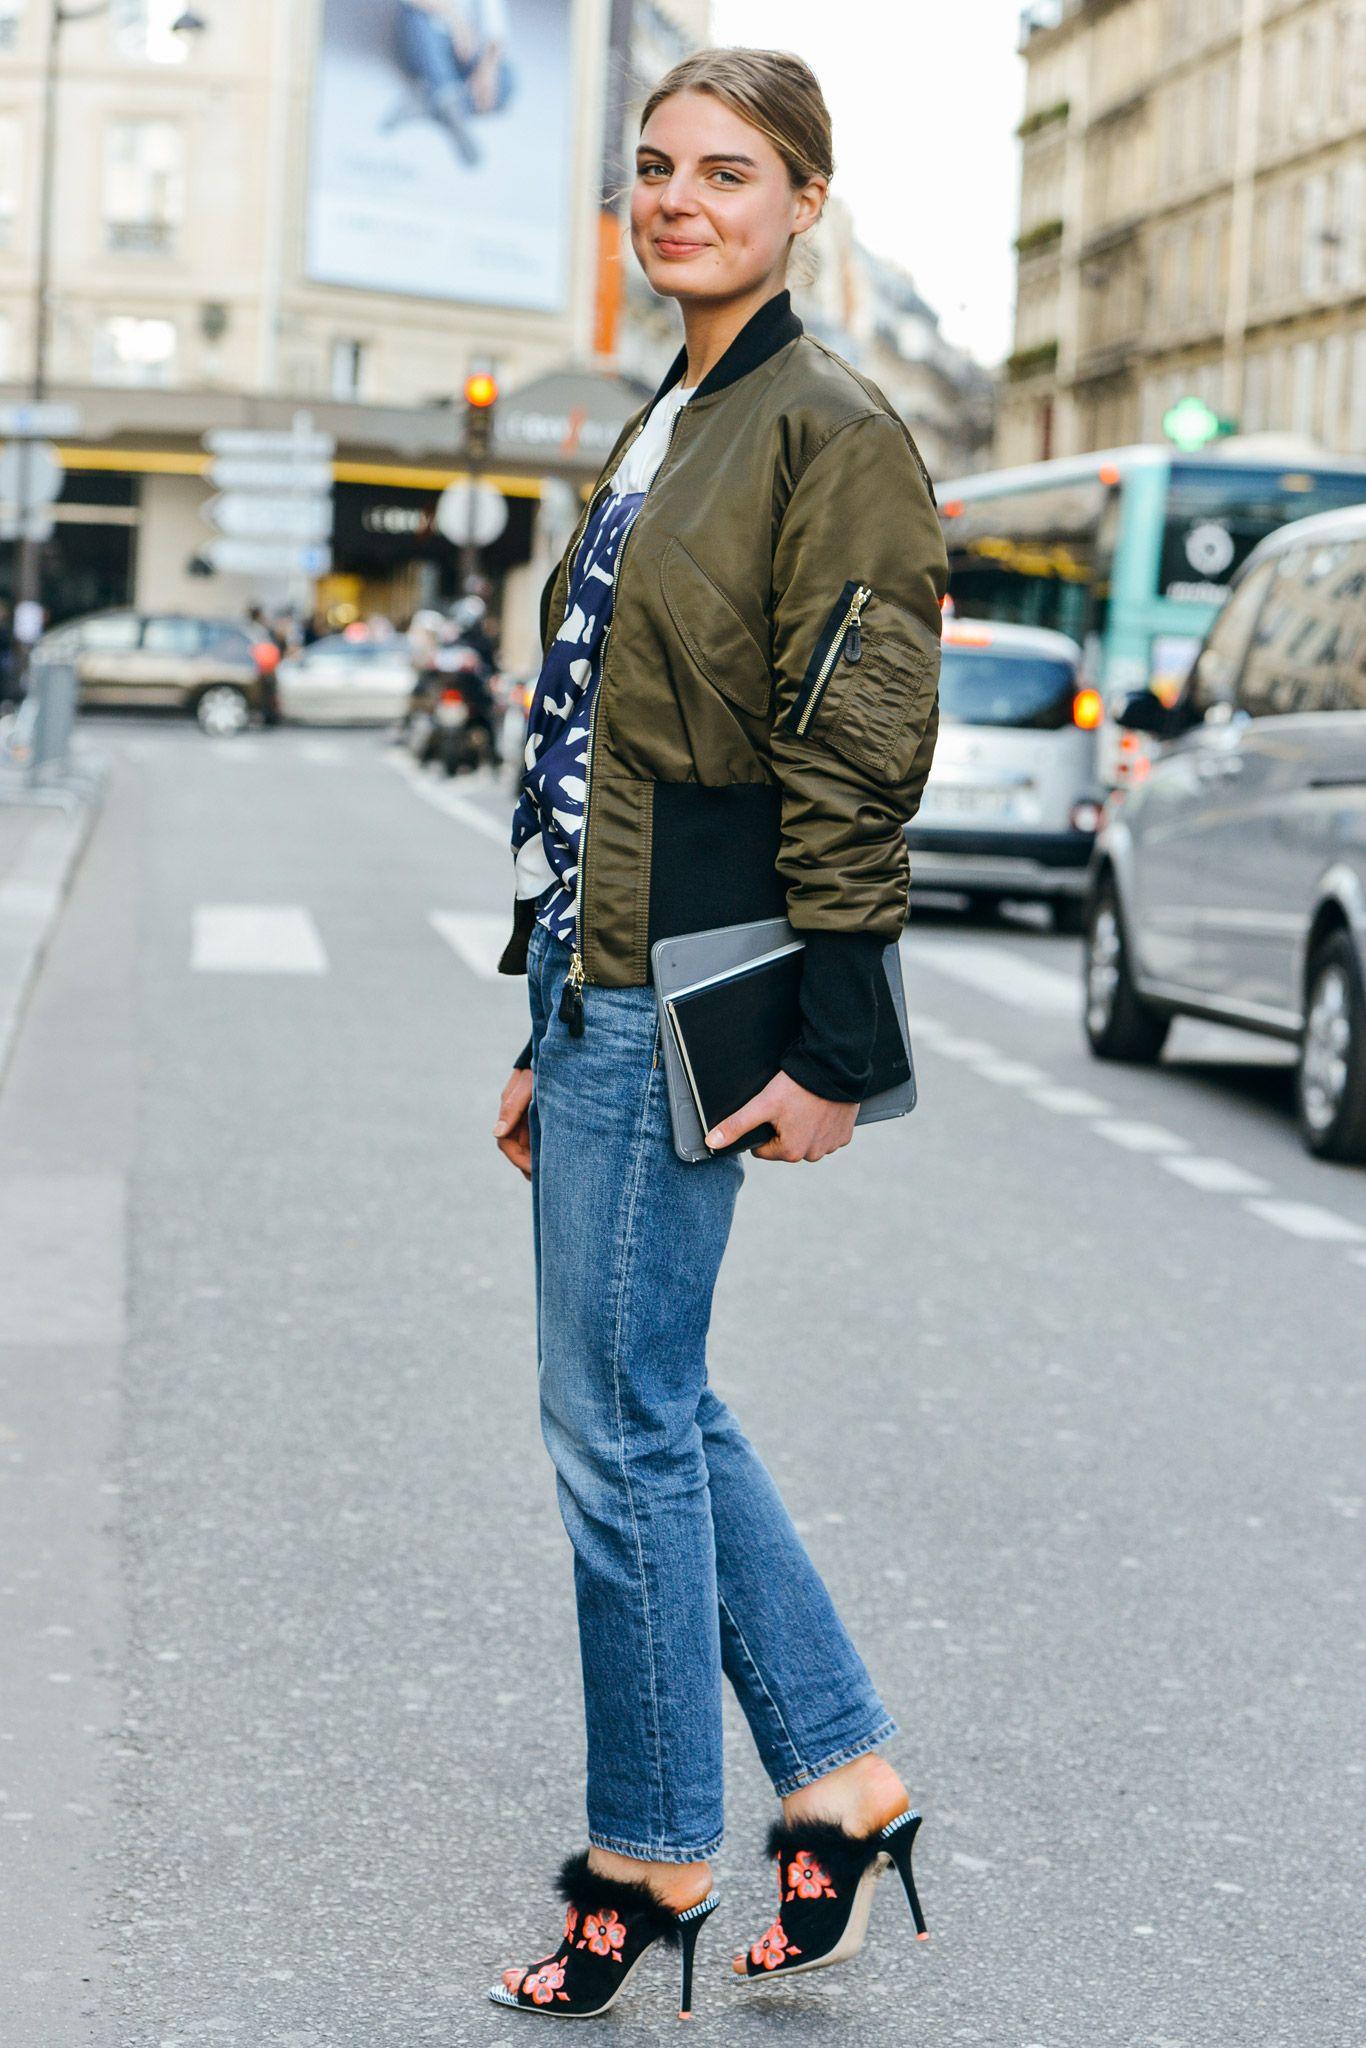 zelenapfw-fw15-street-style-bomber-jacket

---

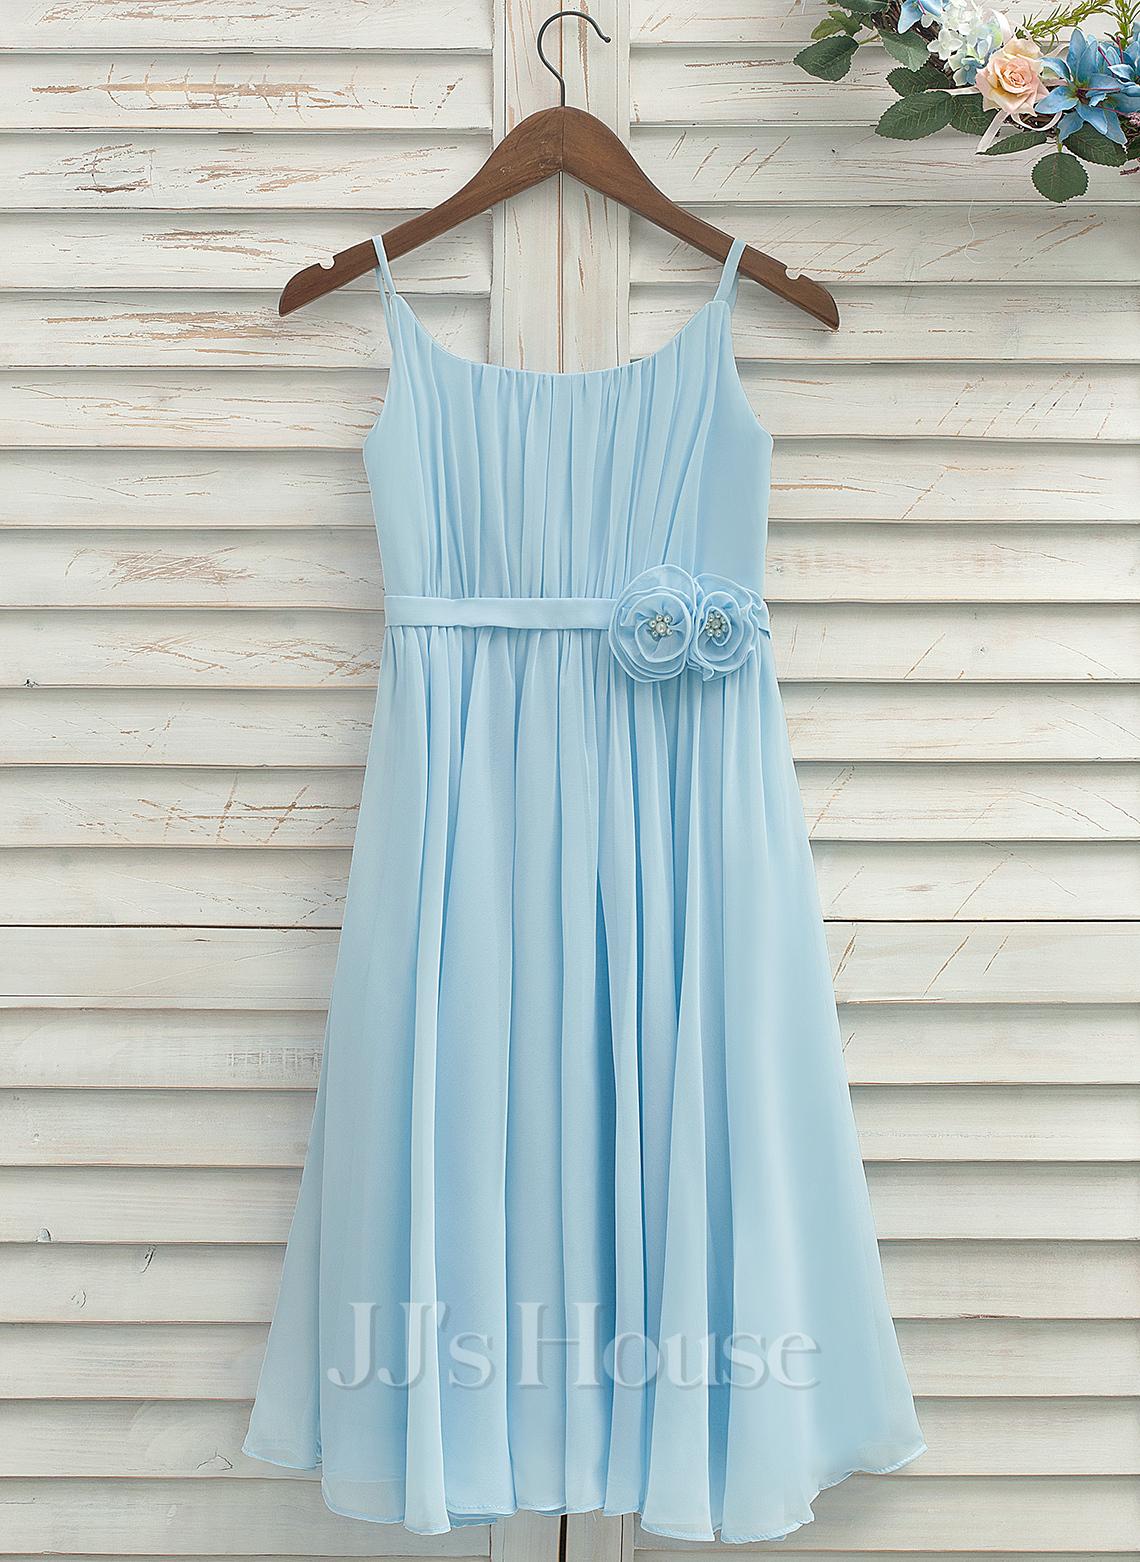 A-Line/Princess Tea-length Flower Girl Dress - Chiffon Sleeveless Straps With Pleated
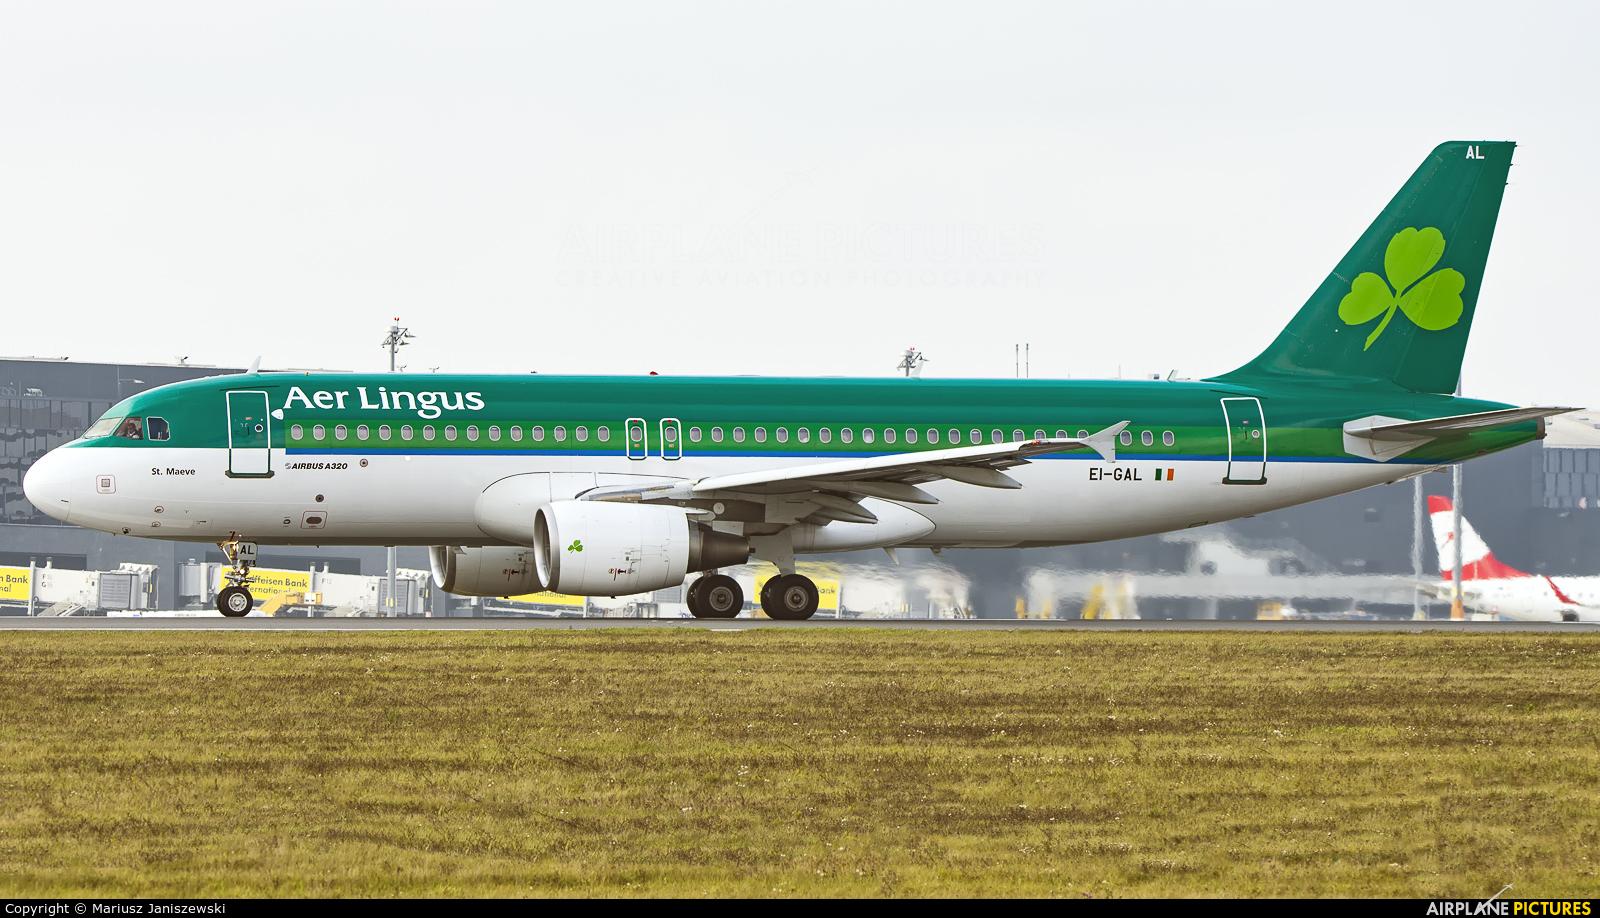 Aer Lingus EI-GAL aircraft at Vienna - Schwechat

_Instructions for the task_
Write out exactly the run of lines above that starts at the line containing "A-Line/Princess Tea-length Flower" and ends at the line containing "Aer Lingus EI-GAL". Include both, and leave the pictures out.

_Result_
 A-Line/Princess Tea-length Flower Girl Dress - Chiffon Sleeveless Straps With Pleated
 Aer Lingus EI-GAL aircraft at Vienna - Schwechat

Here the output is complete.